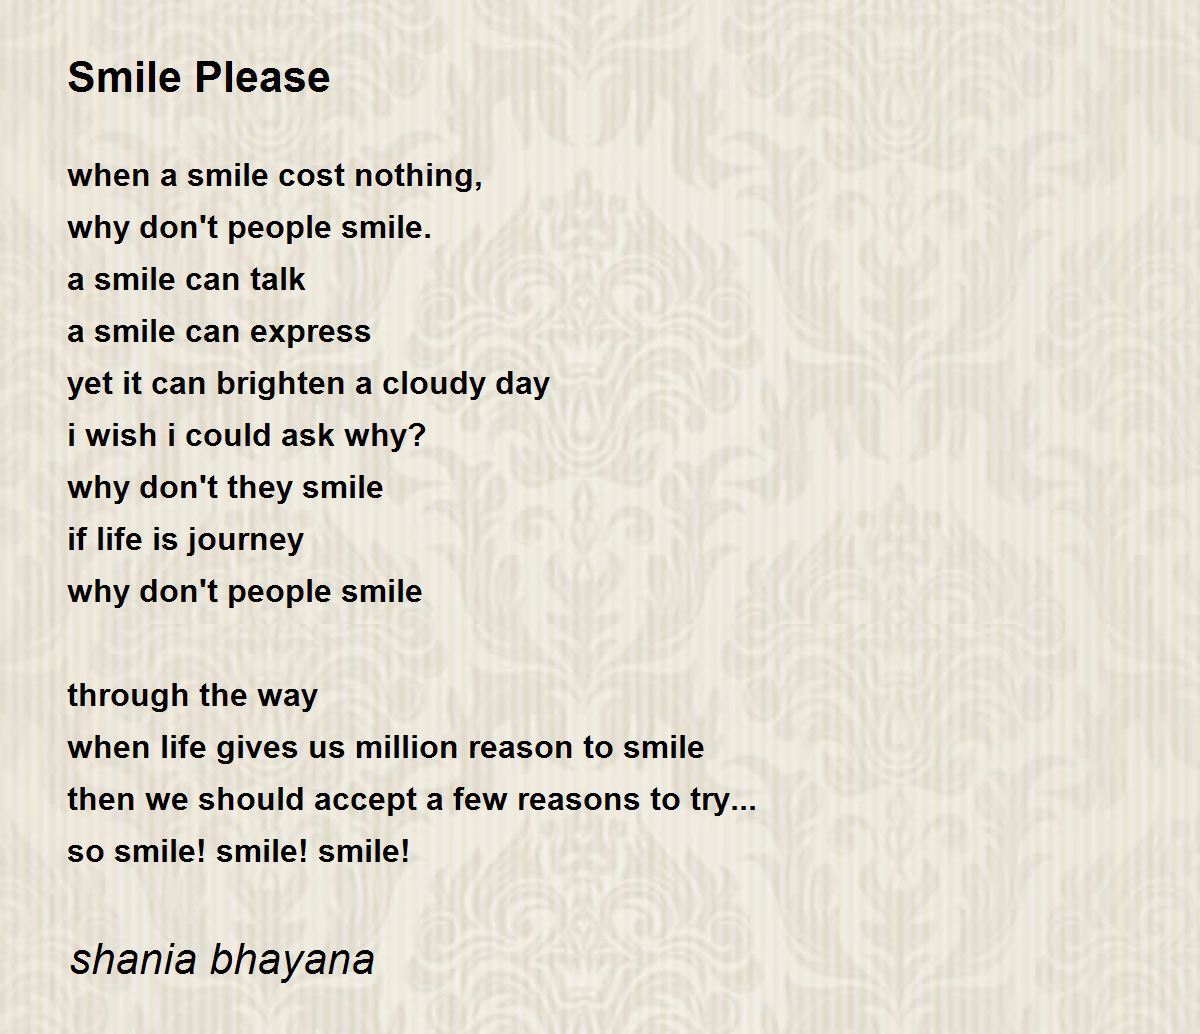 Smile Please - Smile Please Poem by shania bhayana
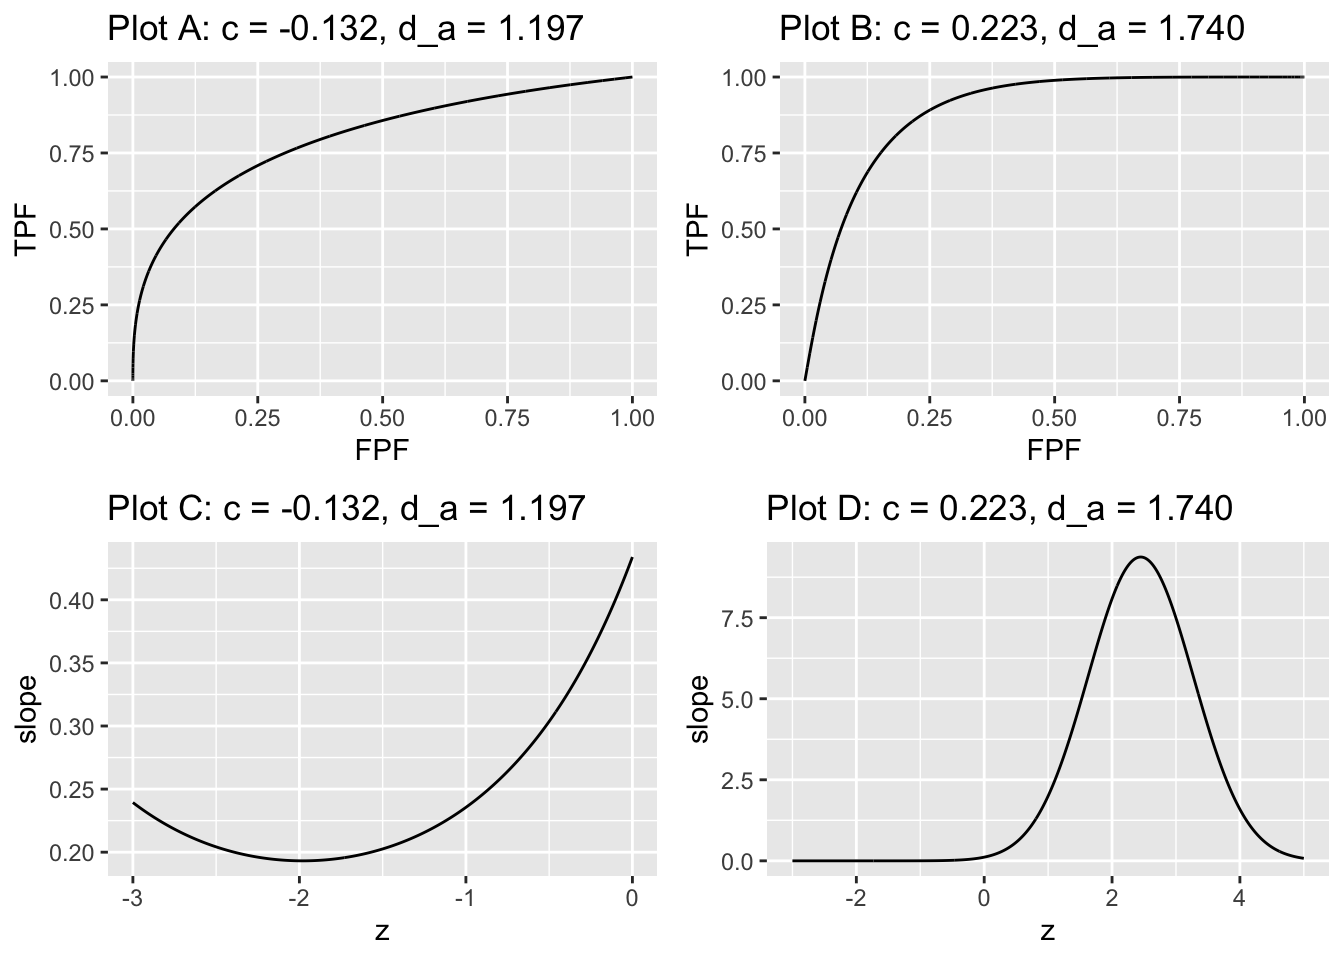 The plots are labeled by the values of $c$ and $d_a$. Plots A and B are proper ROC plots while plots C and D are the corresponding slope plots. In plot A the slope is infinite near the origin finite at the upper-right corner. In plot B the slope is finite near the origin and zero at the upper-right corner.
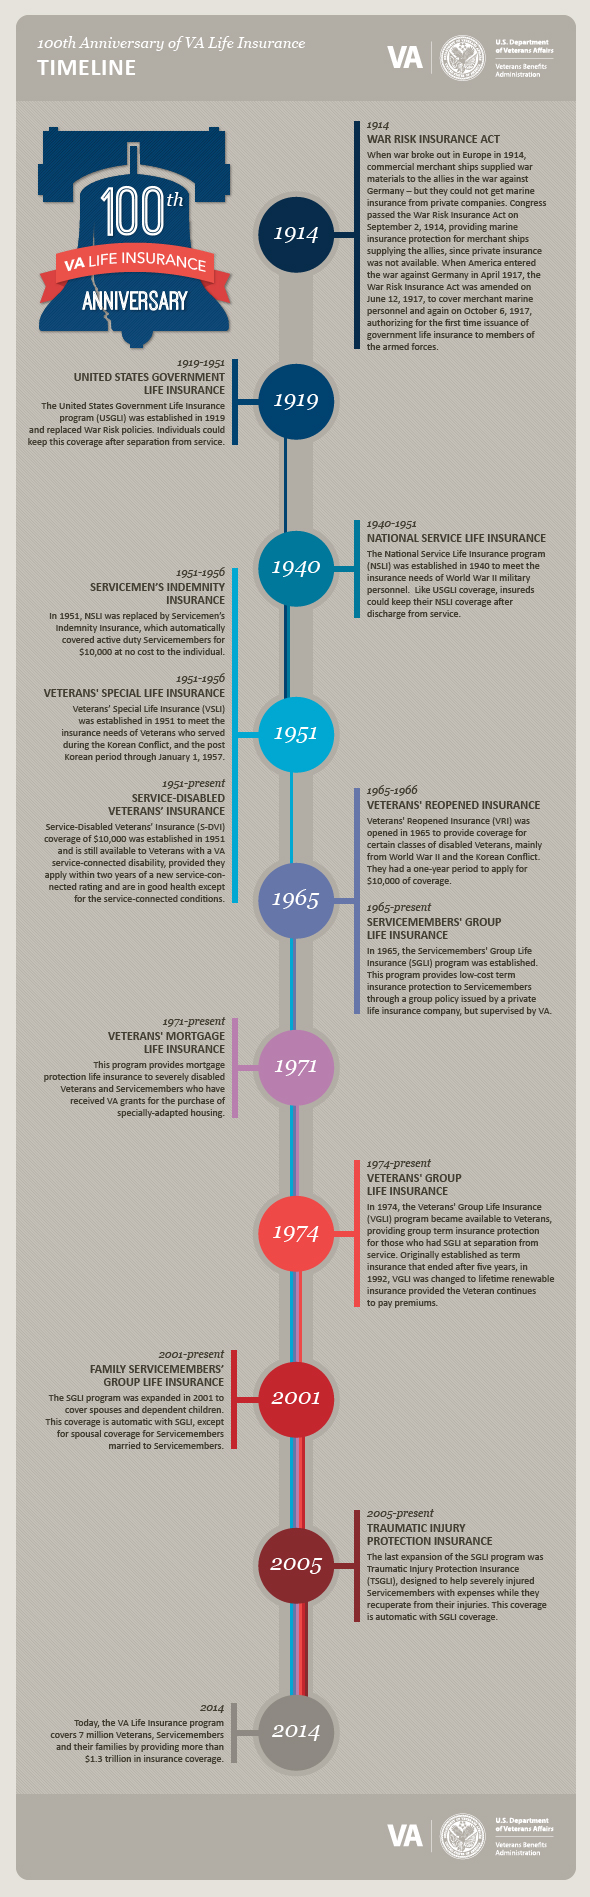 100th Anniversary of VA Life Insurance
Timeline.  1914 War Risk Insurance Act.  When war broke out in Europe in 1914, commercial merchant ships supplied war materials to the allies in the war against Germany – but they could not get marine insurance from private companies. Congress passed the War Risk Insurance Act on September 2, 1914, providing marine insurance protection for merchant ships supplying the allies, since private insurance was not available. When America entered the war against Germany in April 1917, the War Risk Insurance Act was amended on June 12, 1917, to cover merchant marine personnel and again on October 6, 1917, authorizing for the first time issuance of government life insurance to members of the armed forces.  1919-1951 United States Government Life Insurance .  The United States Government Life Insurance program (USGLI) was established in 1919 and replaced War Risk policies. Individuals could keep this coverage after separation from service.  1940-1951 National Service Life Insurance. 
The National Service Life Insurance program (NSLI) was established in 1940 to meet the insurance needs of World War II military personnel. Like USGLI coverage, insureds could keep their NSLI coverage after discharge from service.  1951-1956  Servicemen’s Indemnity Insurance.  In 1951, NSLI was replaced by Servicemen’s Indemnity Insurance, which automatically covered active duty Servicemembers for $10,000 at no cost to the individual. 
1951-1956 Veterans’ Special Life Insurance.  Veterans’ Special Life Insurance (VSLI) was established in 1951 to meet the insurance needs of Veterans who served during the Korean Conflict, and the post Korean period through January 1, 1957. 1951-present Service-Disabled Veterans’ Insurance. Service-Disabled Veterans’ Insurance (S-DVI) coverage of $10,000 was established in 1951 and is still available to Veterans with a VA service-connected disability, provided they apply within two years of a new service-connected rating and are in good health except for the service-connected conditions.  1965-1966 Veterans’ Reopened Insurance.   Veterans’ Reopened Insurance (VRI) was opened in 1965 to provide coverage for certain classes of disabled Veterans, mainly from World War II and the Korean Conflict.  They had a one-year period to apply for $10,000 of coverage.  1965-present Servicemembers’ Group Life Insurance.  In 1965, the Servicemembers’ Group Life Insurance (SGLI) program was established. This program provides low-cost term insurance protection to Servicemembers through a group policy issued by a private life insurance company, but supervised by VA.  1971-present Veterans’ Mortgage Life Insurance.  This program provides mortgage protection life insurance to severely disabled Veterans and Servicemembers who have received VA grants for the purchase of specially-adapted housing.  1974-present  Veterans’ Group Life Insurance
In 1974, the Veterans’ Group Life Insurance (VGLI) program became available to Veterans, providing group term insurance protection for those who had SGLI at separation from service. Originally established as term insurance that ended after five years, in 1992, VGLI was changed to lifetime renewable insurance provided the Veteran continues to pay premiums.  2001-present   Family Servicemembers’ Group Life Insurance. The SGLI program was expanded in 2001 to cover spouses and dependent children. This coverage is automatic with SGLI, except for spousal coverage for Servicemembers married to Servicemembers.  2005-present  Traumatic Injury Protection Insurance.  The last expansion of the SGLI program was Traumatic Injury Protection Insurance (TSGLI), designed to help severely injured Servicemembers with expenses while they recuperate from their injuries. This coverage is automatic with SGLI coverage.  2014  Today, the VA Life Insurance program covers 7 million Veterans, Servicemembers and their families by providing more than $1.3 trillion in insurance coverage.   Please see PDF Download link to view an accessible PDF that addresses the text content of this document.
_ _ _ _ _ _ _
Please return exactly the lines above, from where the listing starts to the line holding "100th Anniversary of VA Life Insurance", inclusive, with the pictures omitted.

__Problem solution__
 Smile Please - Smile Please Poem by shania bhayana
 The plots are labeled by the values of $c$ and $d_a$. Plots A and B are proper ROC plots while plots C and D are the corresponding slope plots. In plot A the slope is infinite near the origin finite at the upper-right corner. In plot B the slope is finite near the origin and zero at the upper-right corner.
 100th Anniversary of VA Life Insurance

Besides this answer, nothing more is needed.